WHAT TO DO » All of the listing should be returned as written, apart from any picture in it.

DATA EXTRACT »
◆ ◆ ◆ ◆ ◆ ◆ ◆

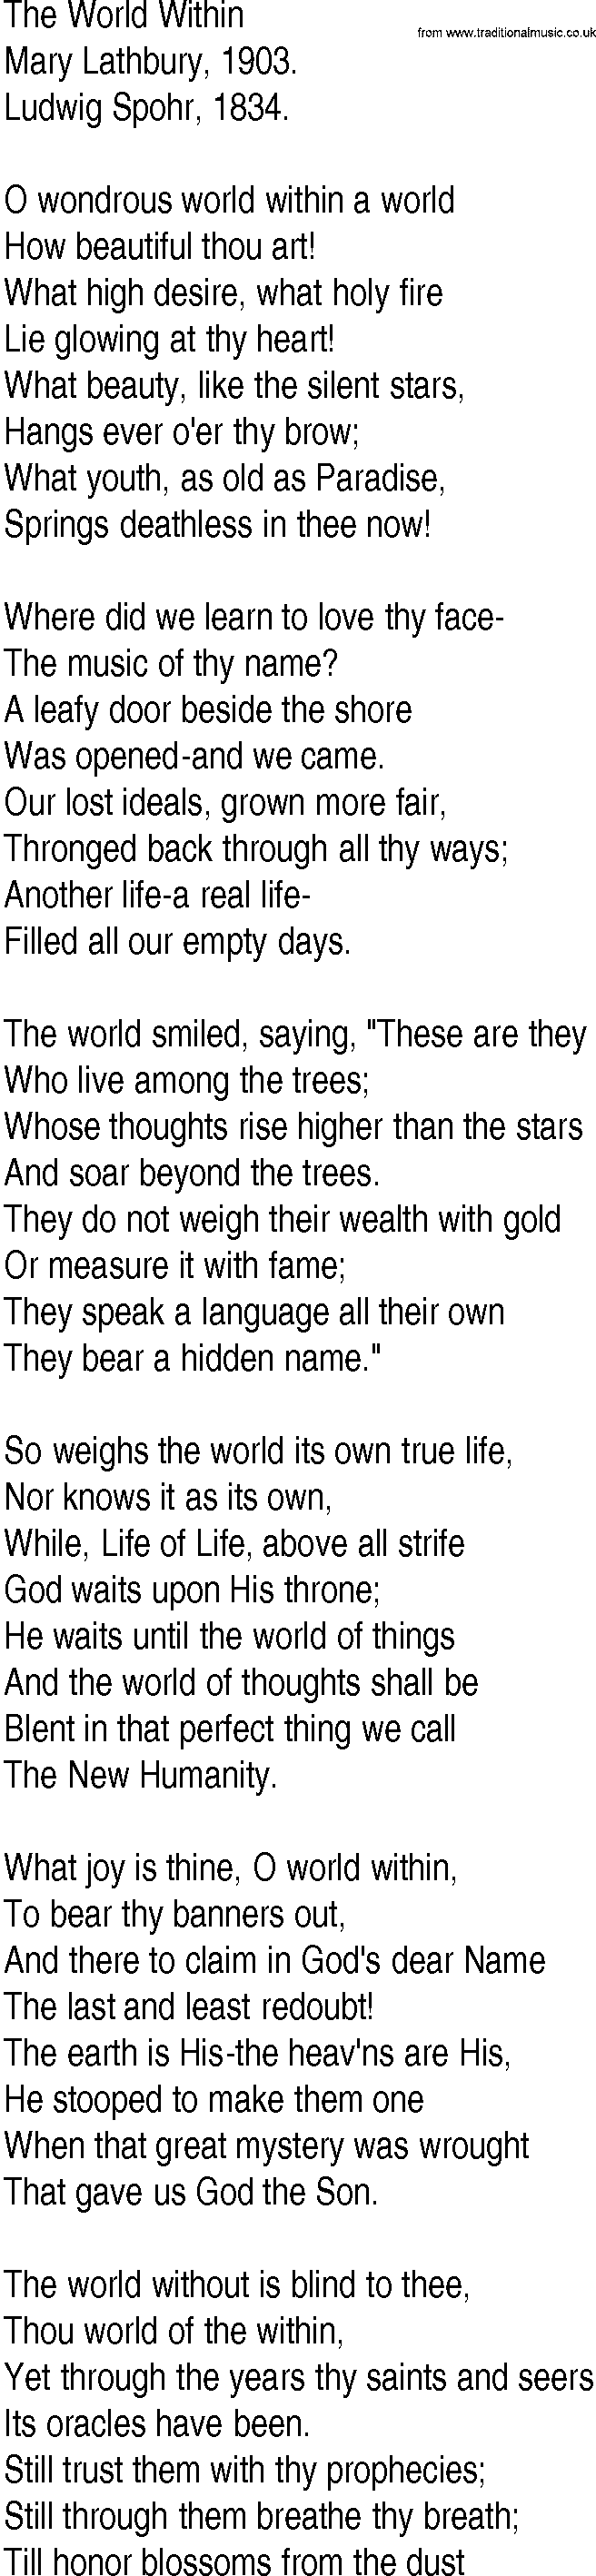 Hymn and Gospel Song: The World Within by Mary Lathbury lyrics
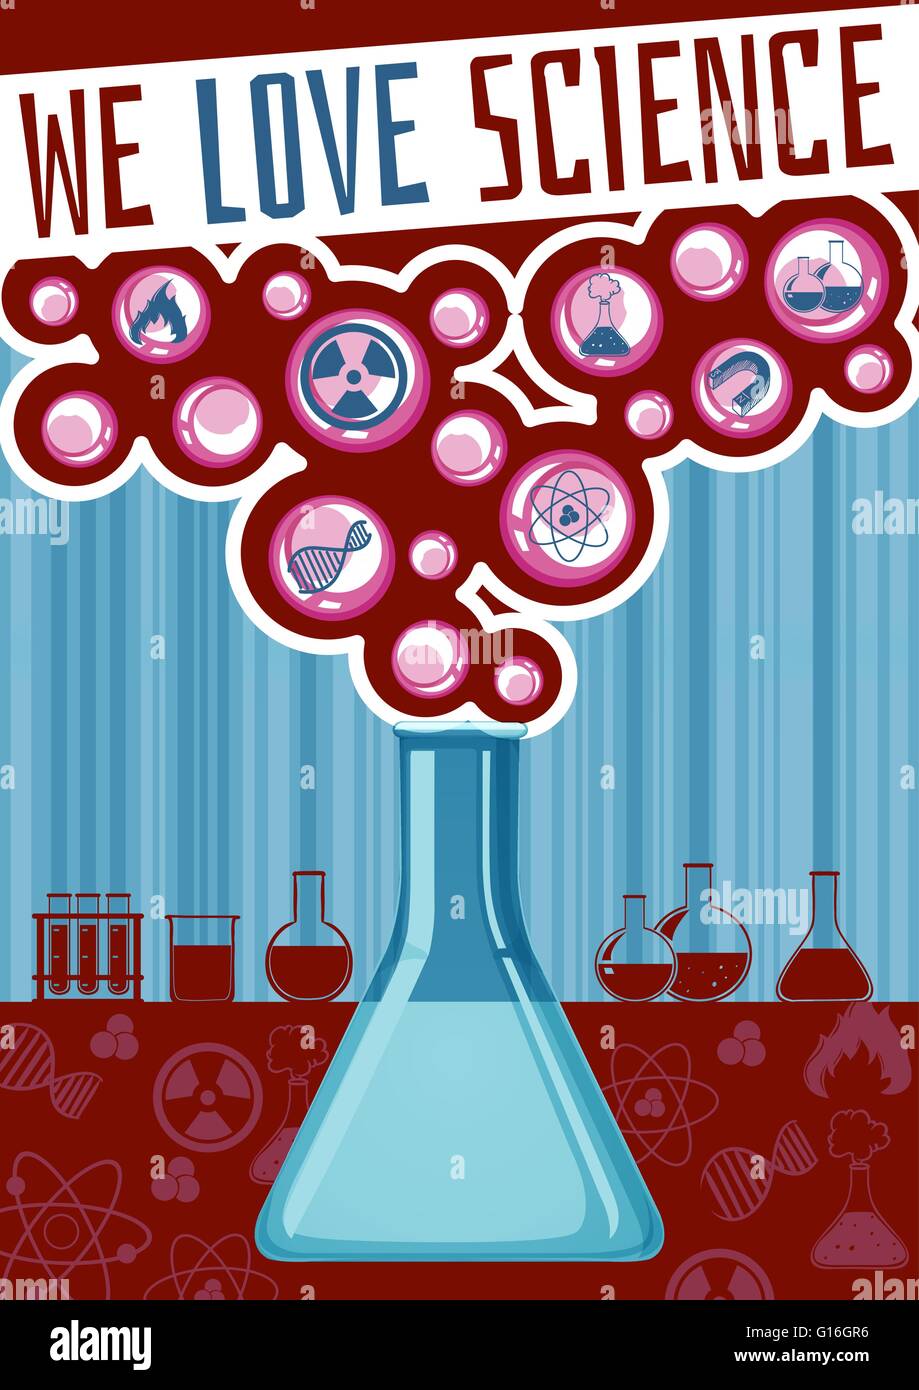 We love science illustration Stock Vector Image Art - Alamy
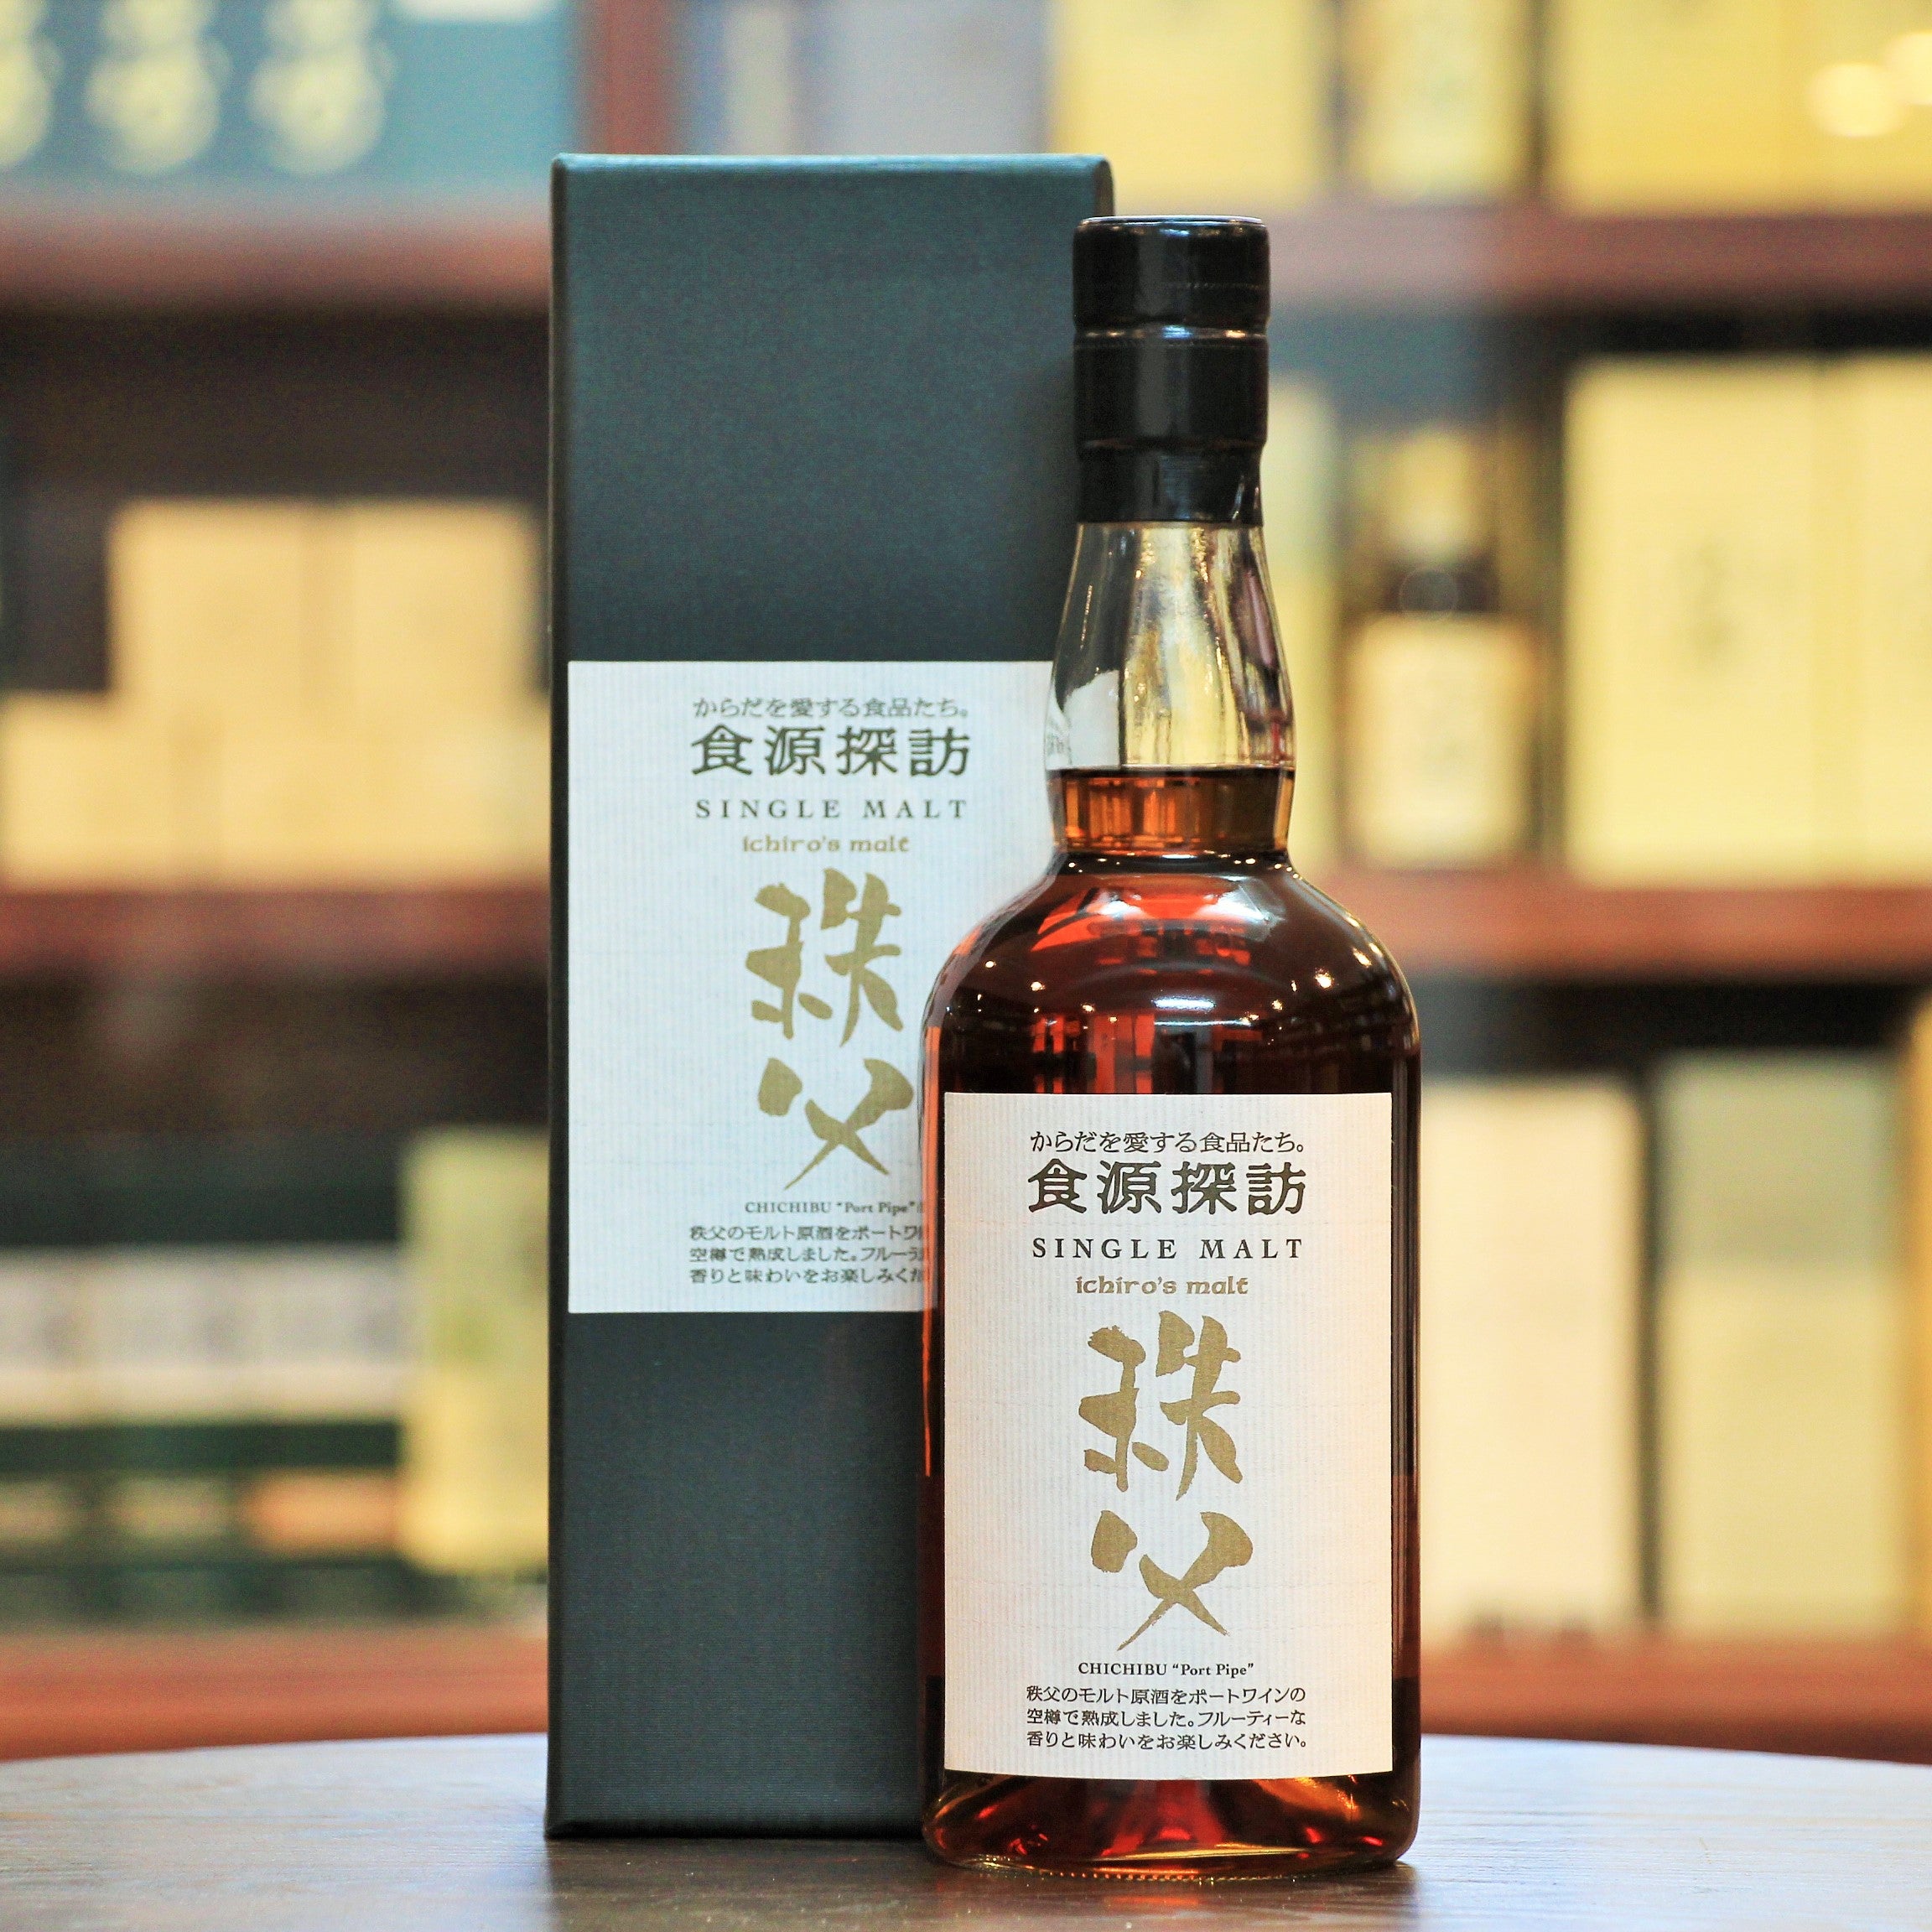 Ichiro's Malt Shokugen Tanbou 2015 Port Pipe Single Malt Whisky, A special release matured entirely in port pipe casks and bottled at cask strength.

◆ ◆ ◆ ◆ ◆ ◆ ◆

SOLUTION TO THE PROBLEM »
 Hymn and Gospel Song: The World Within by Mary Lathbury lyrics
 We love science illustration Stock Vector Image Art - Alamy
 Ichiro's Malt Shokugen Tanbou 2015 Port Pipe Single Malt Whisky, A special release matured entirely in port pipe casks and bottled at cask strength.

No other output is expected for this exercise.